• **EXERCISE DESCRIPTION**:
Set down the listing exactly as given, minus images.

• **DATA SHOWN**:
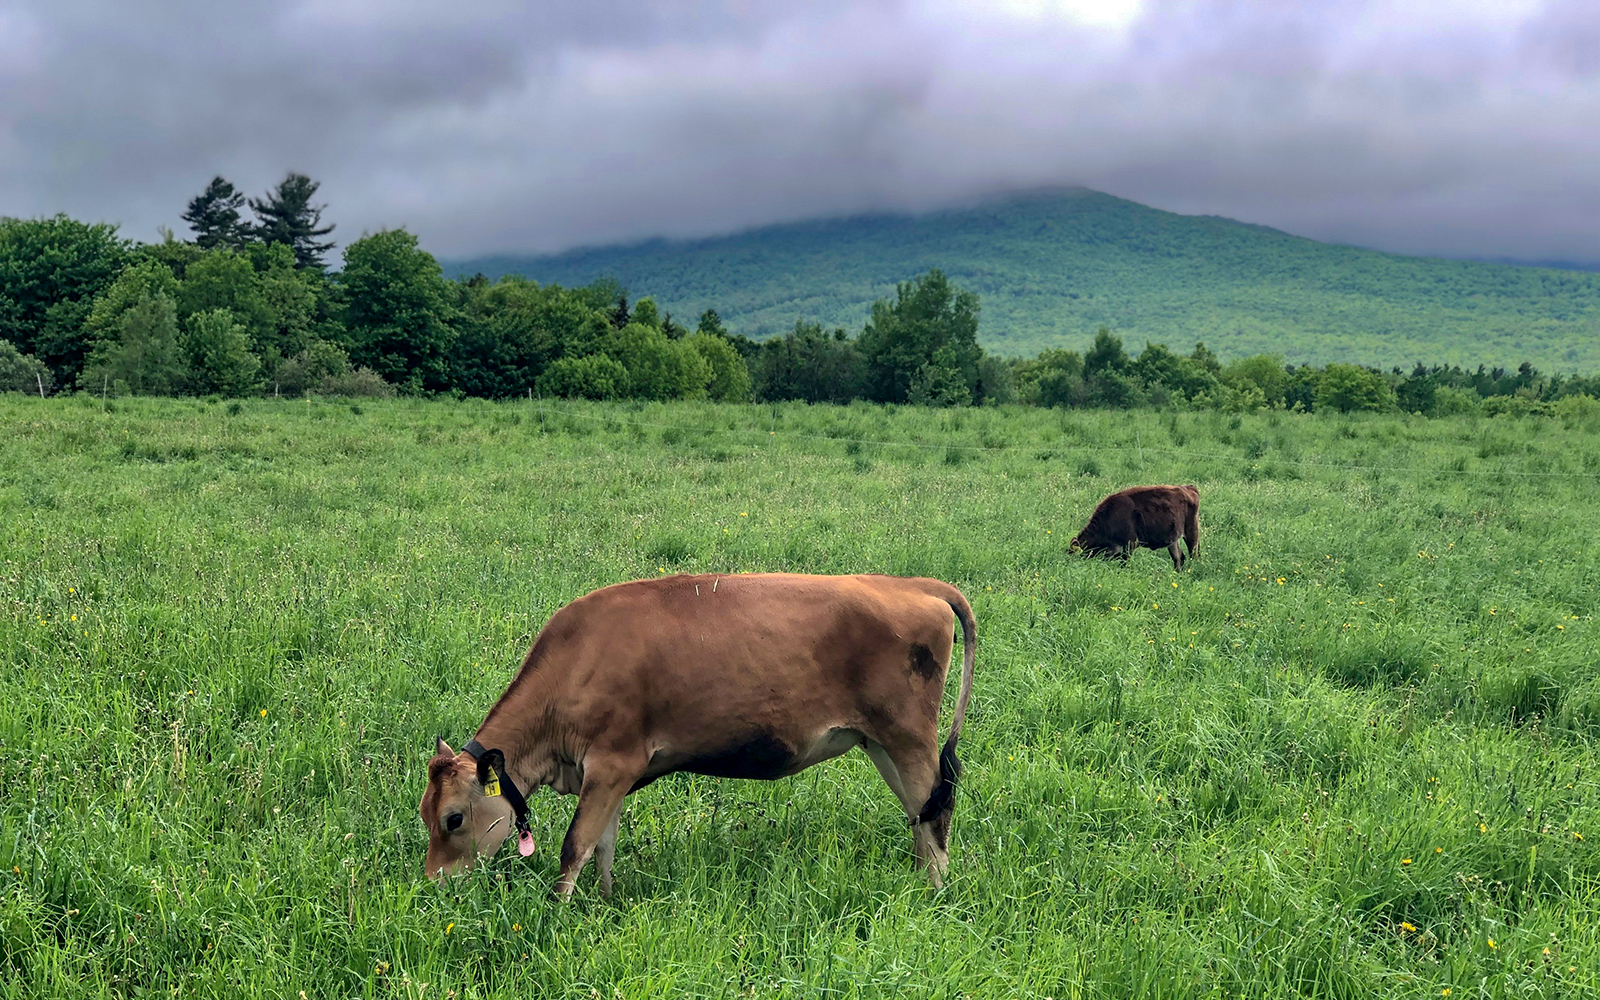 jersey cows graze in a lush green moumtain pasture as clouds roll in
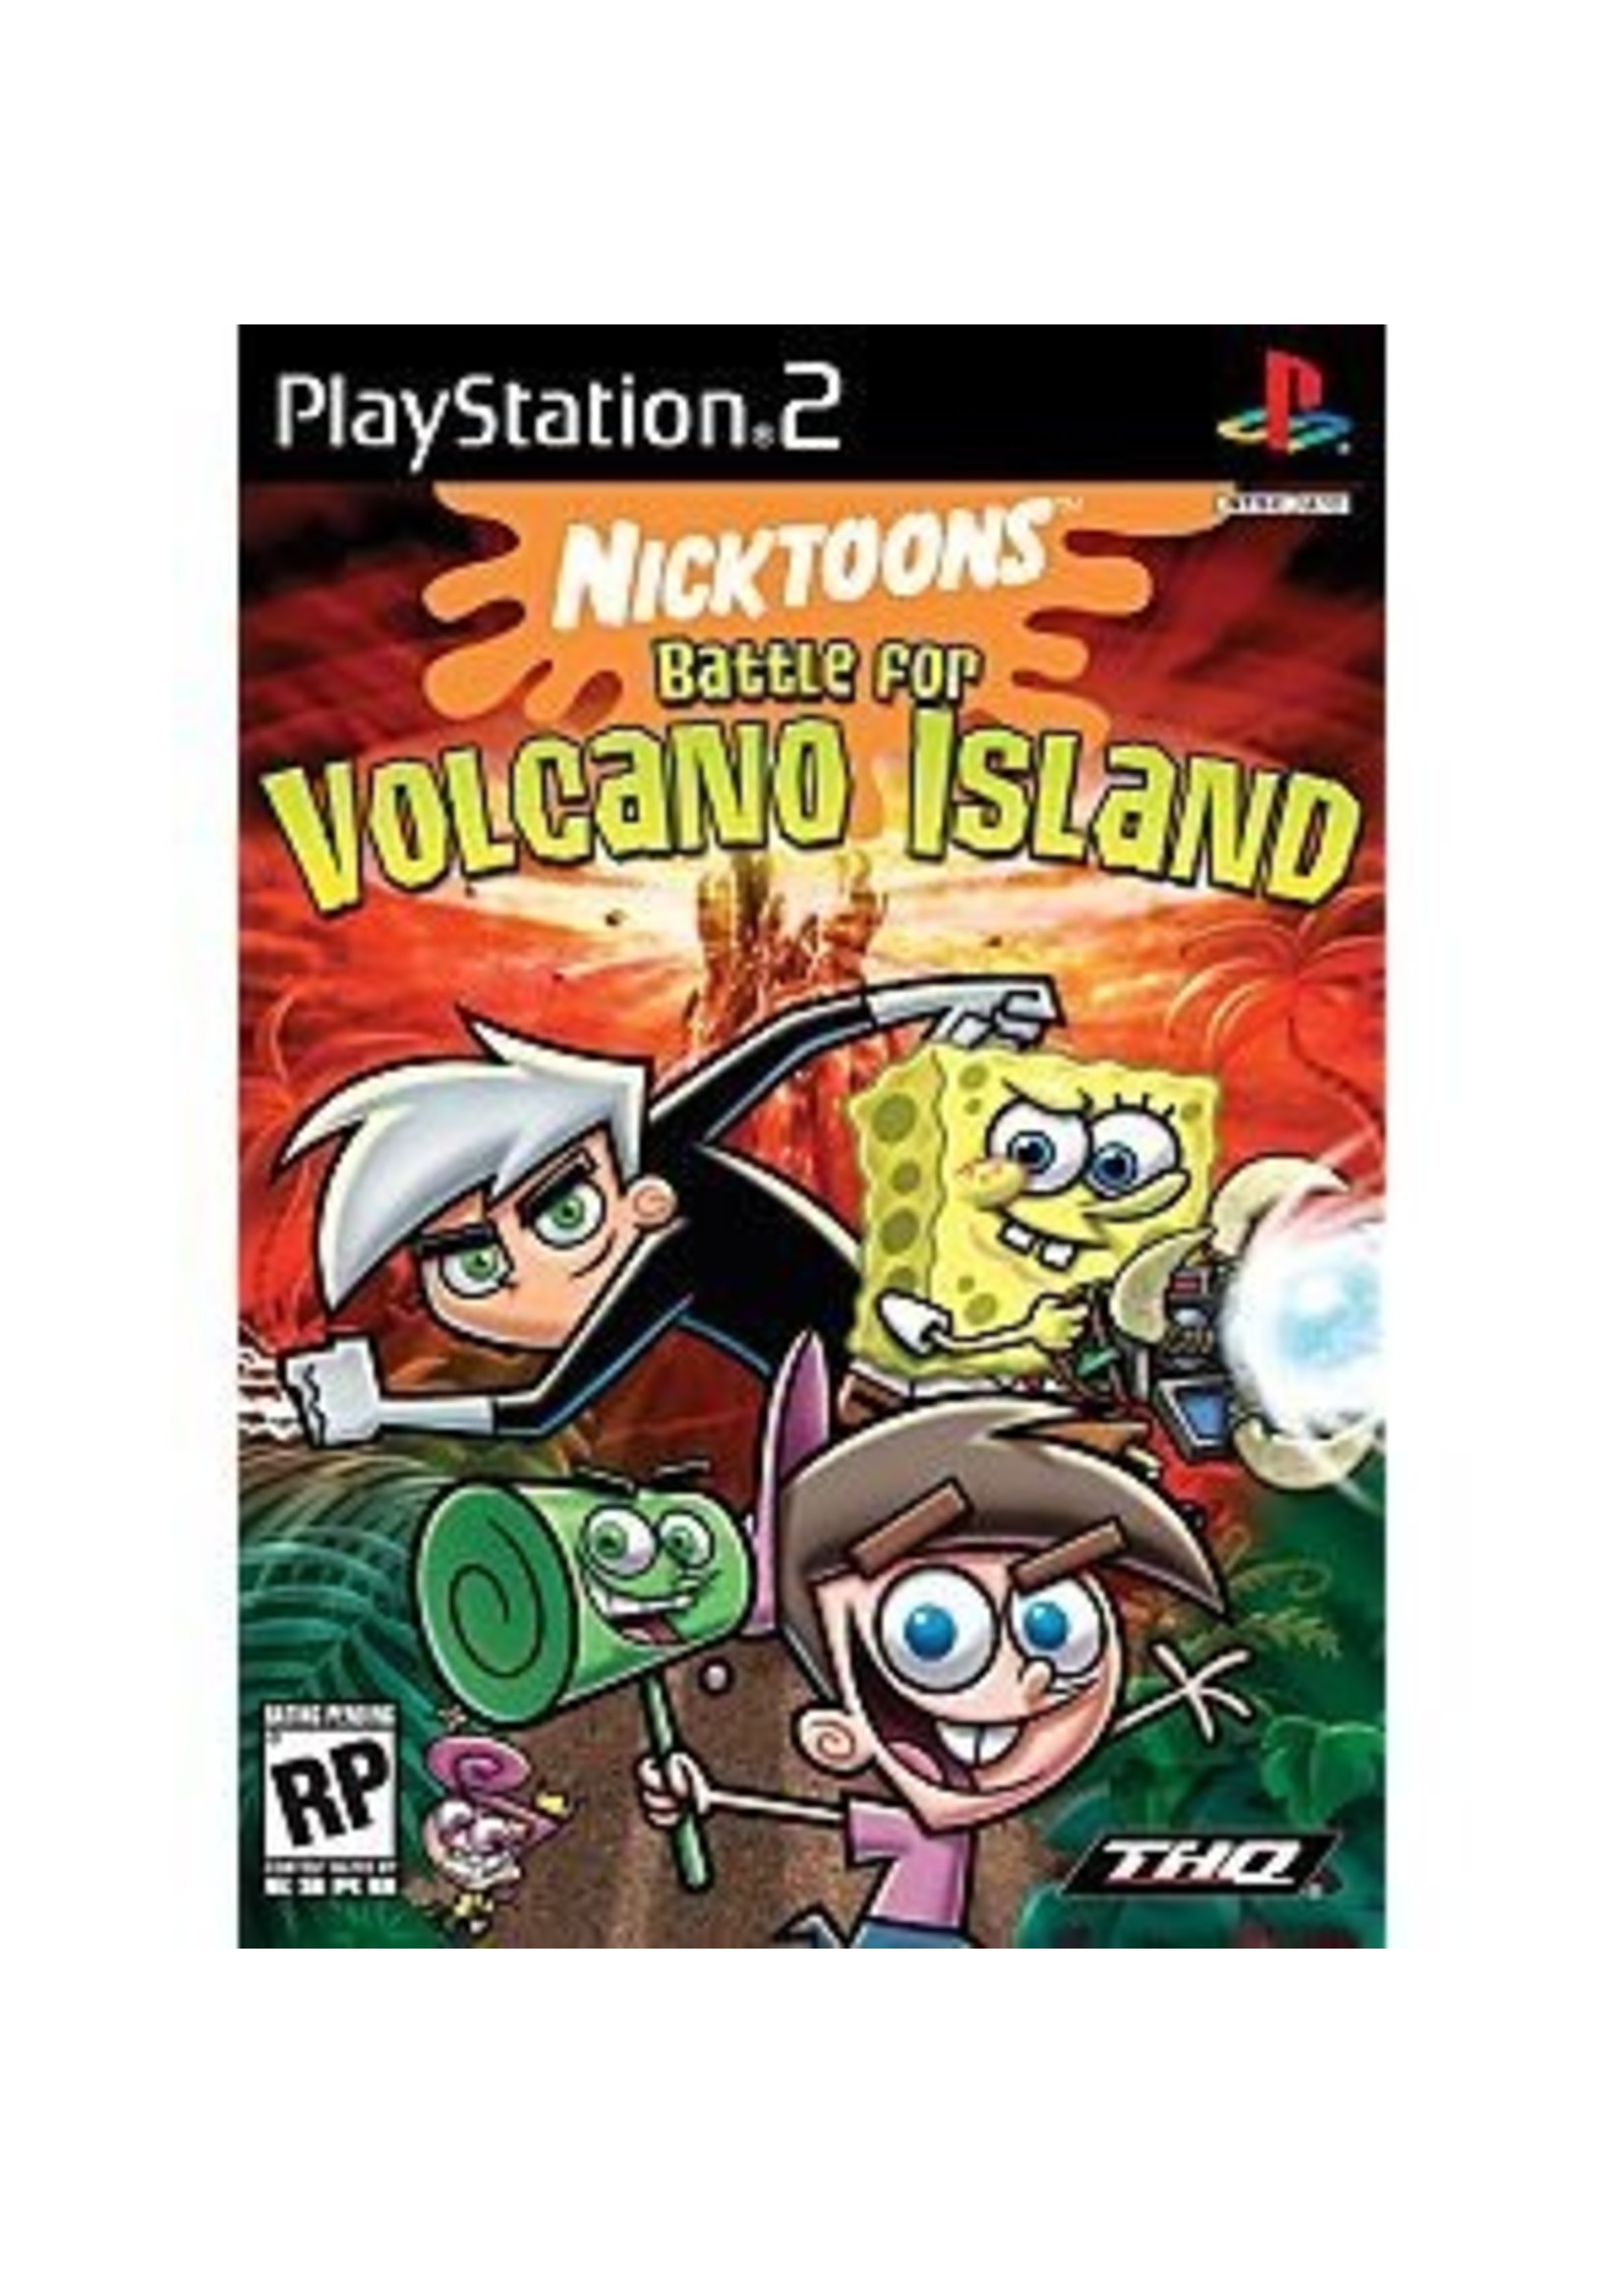 Sony Playstation 2 (PS2) Nicktoons Battle for Volcano Island
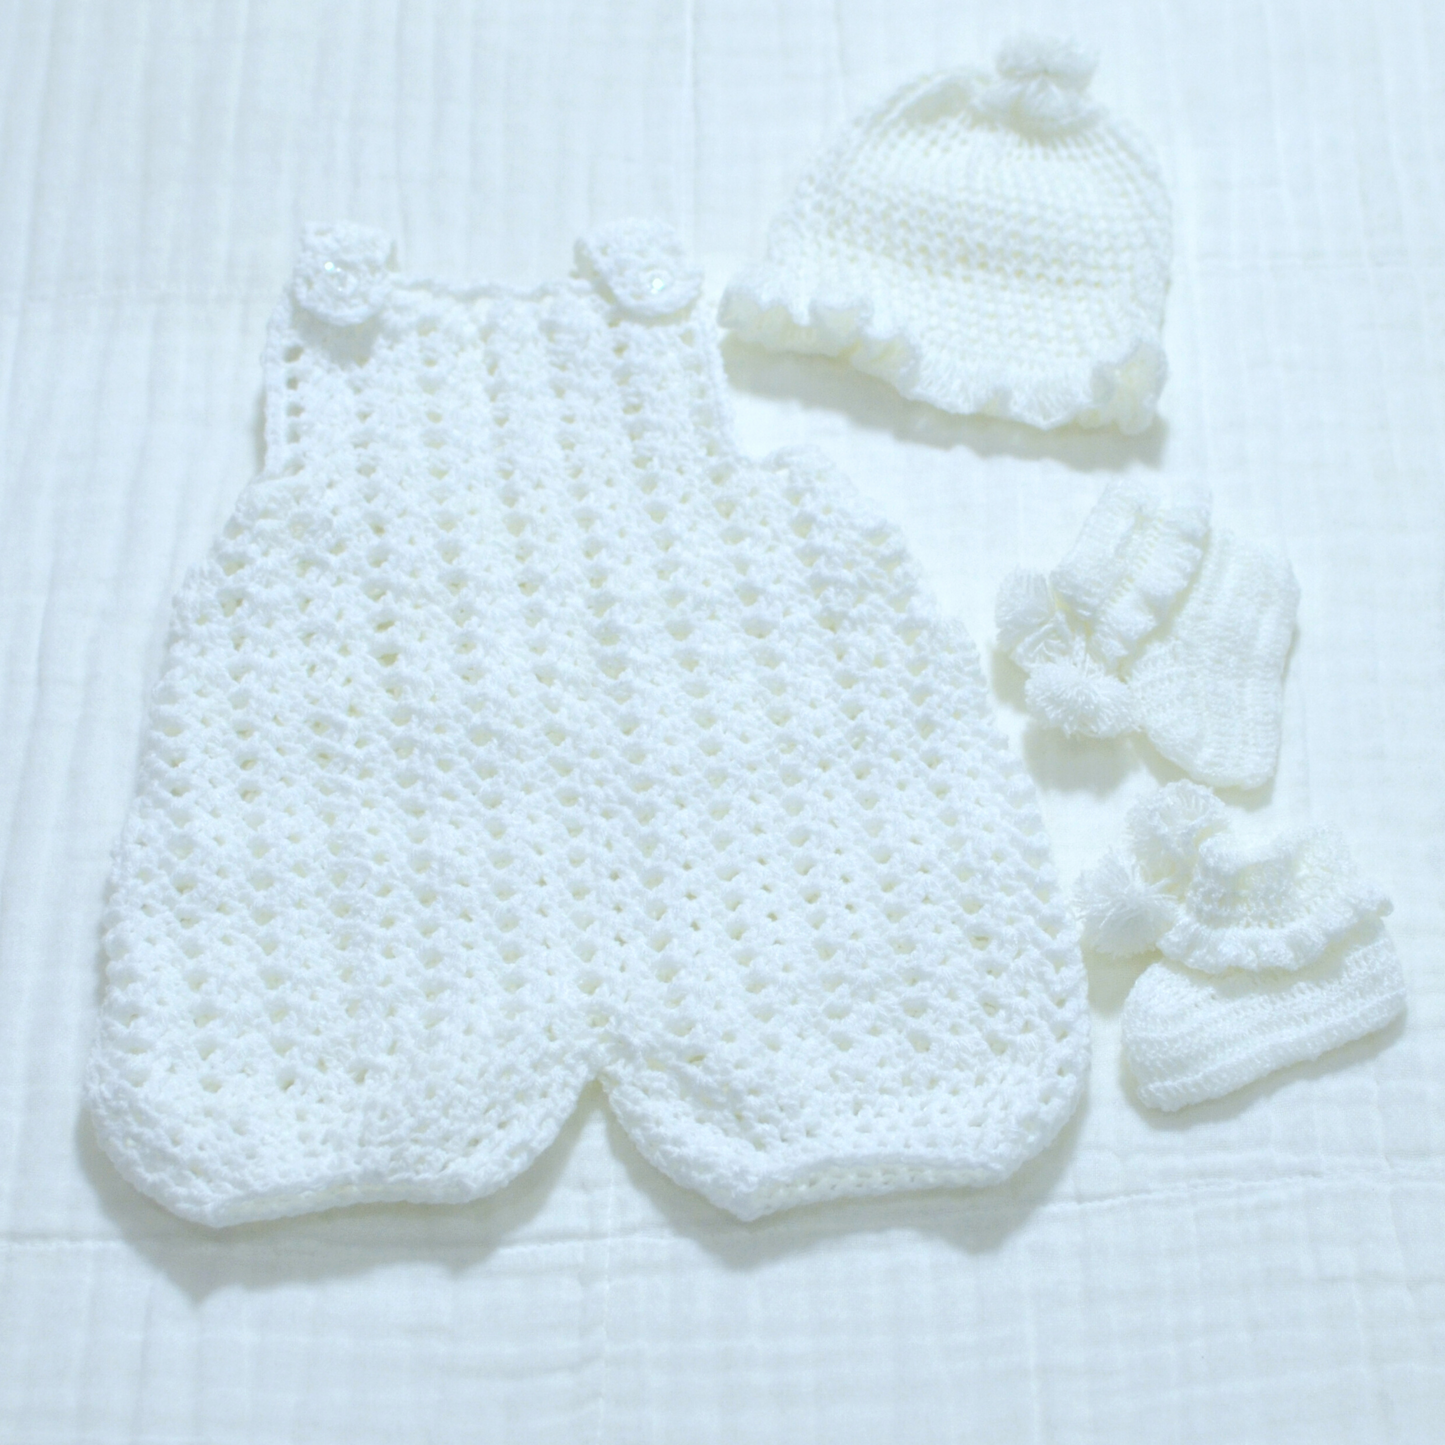 Crochet Baby Dungaree and Hat Socks - 0 to 3 month size

• **ANSWER BOX**:
 jersey cows graze in a lush green moumtain pasture as clouds roll in
 Sony Playstation 2 (PS2) Nicktoons Battle for Volcano Island
 Crochet Baby Dungaree and Hat Socks - 0 to 3 month size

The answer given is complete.